A combination of aggressive monetary policy courtesy of the Paul Volker-led Federal Reserve, and an increase in the oil supply resulting from more domestic drilling led the US economy to get back on a growth trajectory with a disinflationary backdrop after just a few years.

I contend that this will not be the case with today's stagflationary environment.

The current labor supply shock is largely demographically driven and has been a long time in the making. Covid wasn't the cause, but certainly served as an accelerant.

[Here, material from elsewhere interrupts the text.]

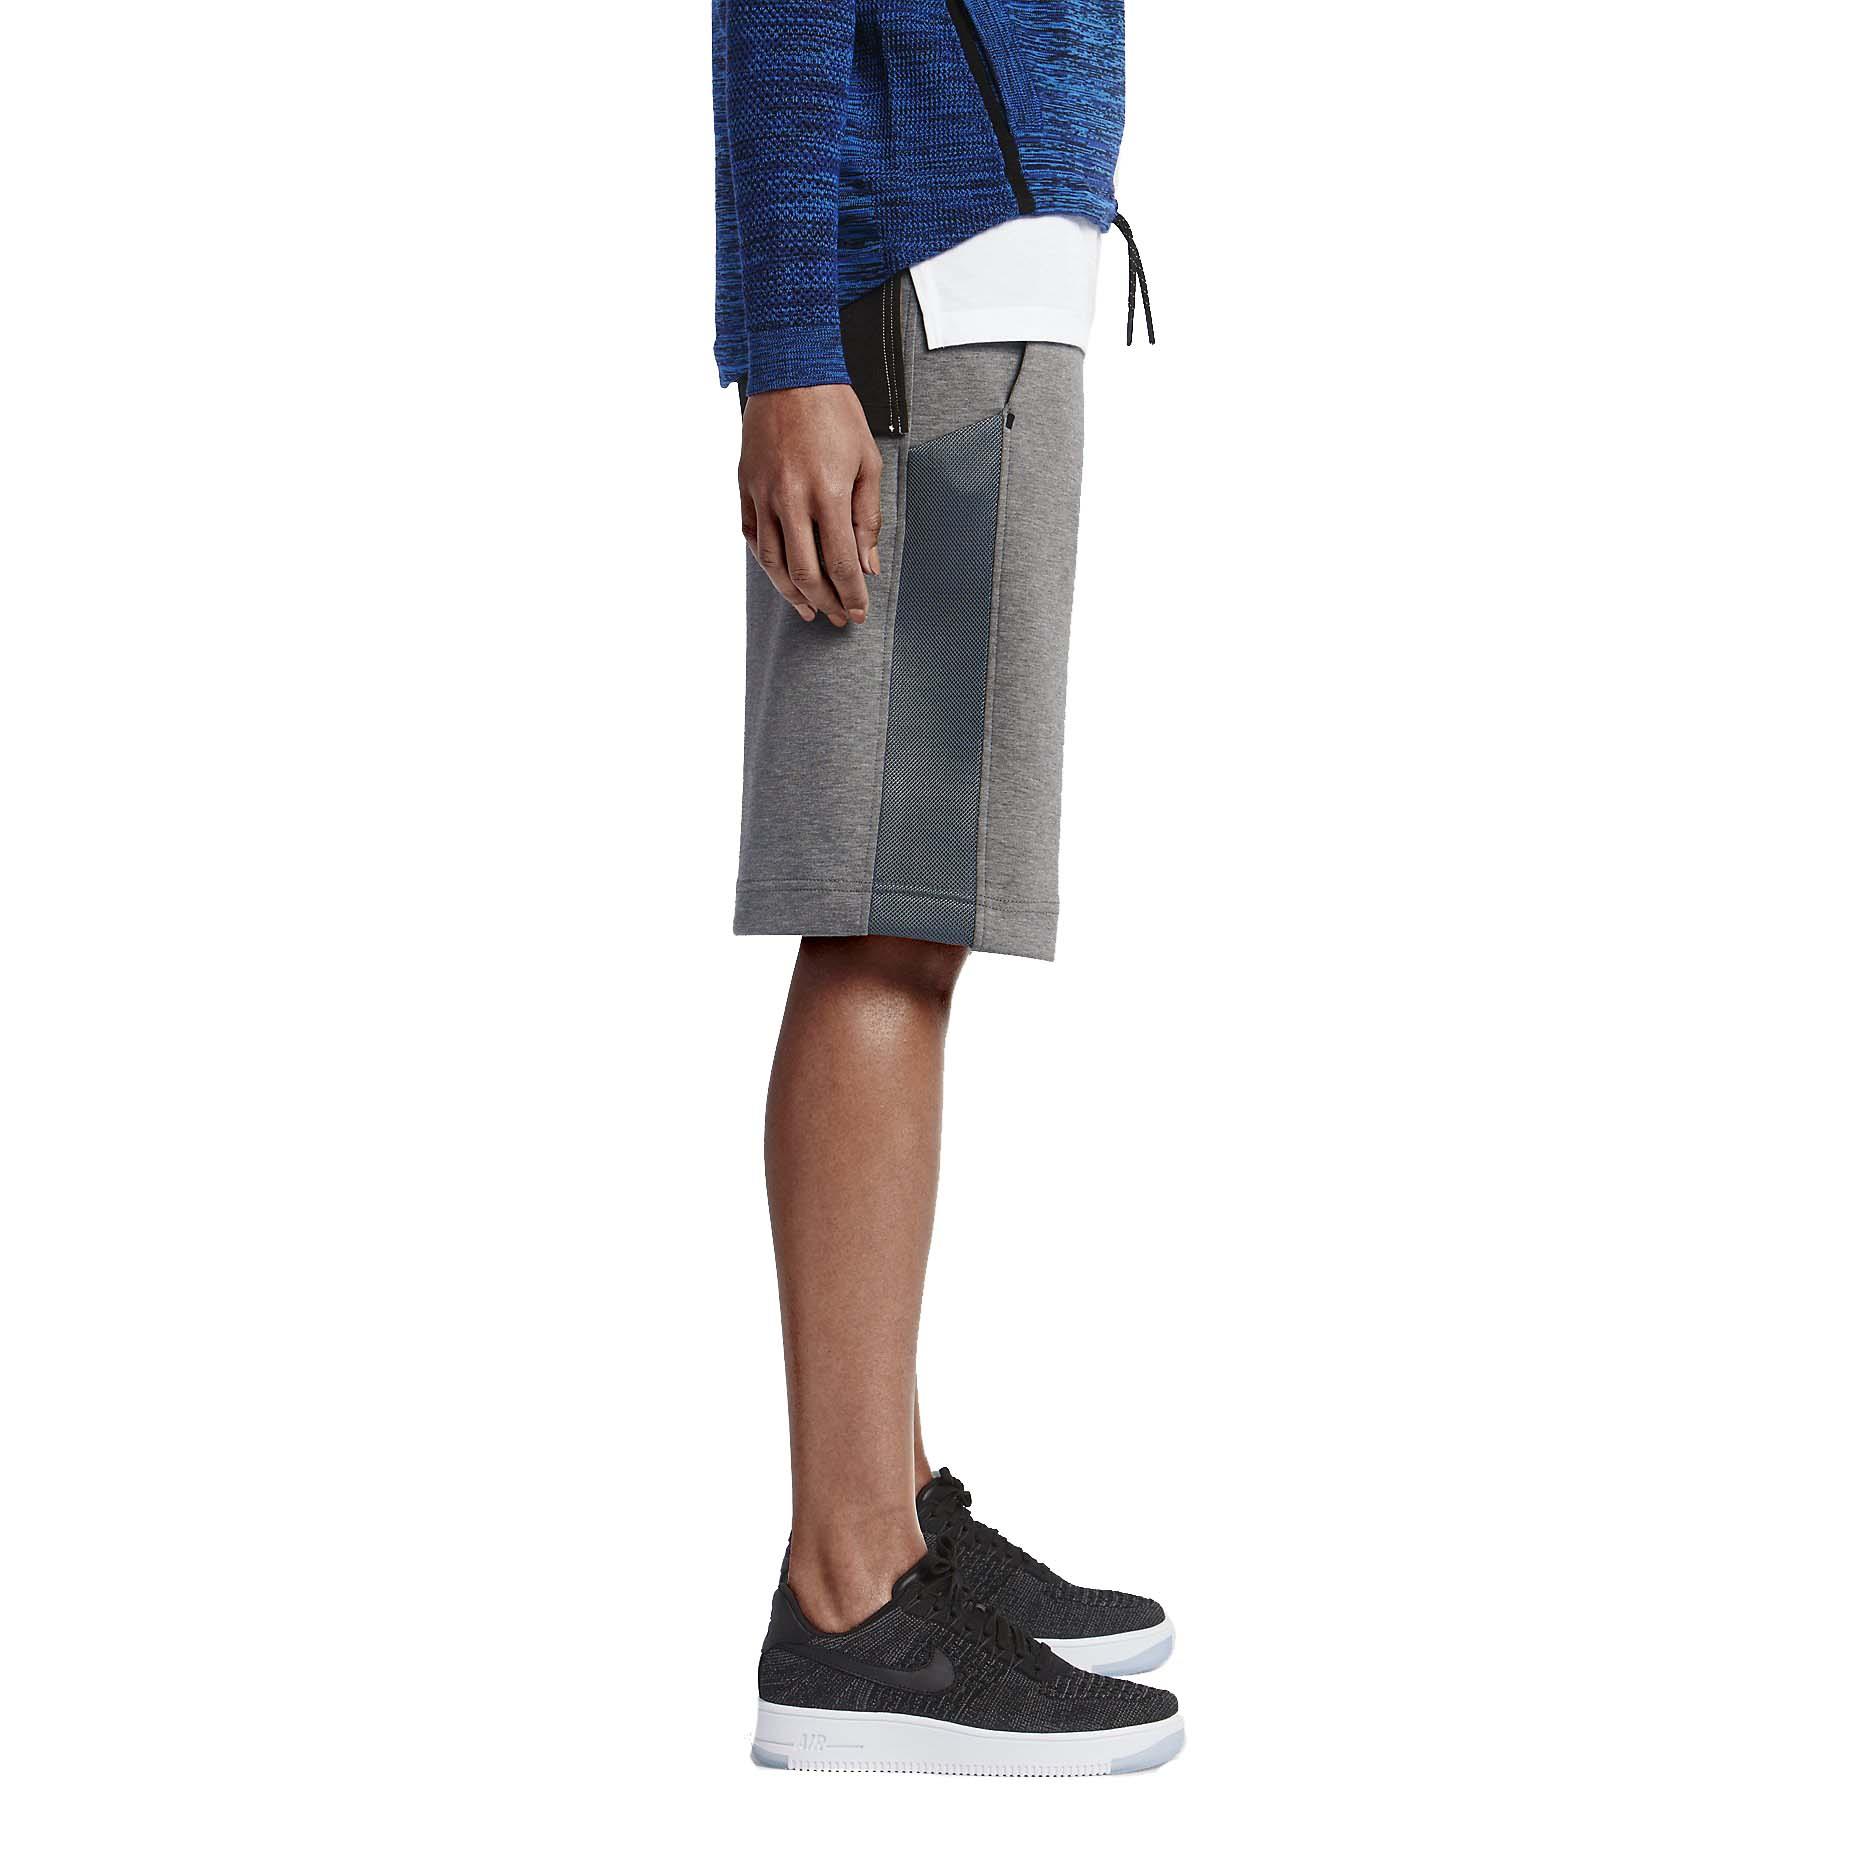 Nike Women's Tech Fleece Mesh Sport Casual Shorts | eBay

Retirement related declines in the labor force became noteworthy beginning around 2012 when the first of the baby boomers started turning 65 at a rate of approximately 10,000 per day in the US. The pace of boomers turning 65 has picked up over the last decade, now pacing at roughly 12,000 per day. 📈

As you can see from the chart below, we are currently at the peak of boomers turning 65 and that level will persist for a number of years before starting to decline around the end of decade.

That's a lot of folks leaving the workforce.

In my opinion, we as a society must deal with this dynamic head on, by aggressively investing in productivity enhancing technology as well as policies that will encourage aging workers to remain in the labor force longer.

Until then, I expect to see continued upward pressure on labor costs as the workforce continues to age and to age-out.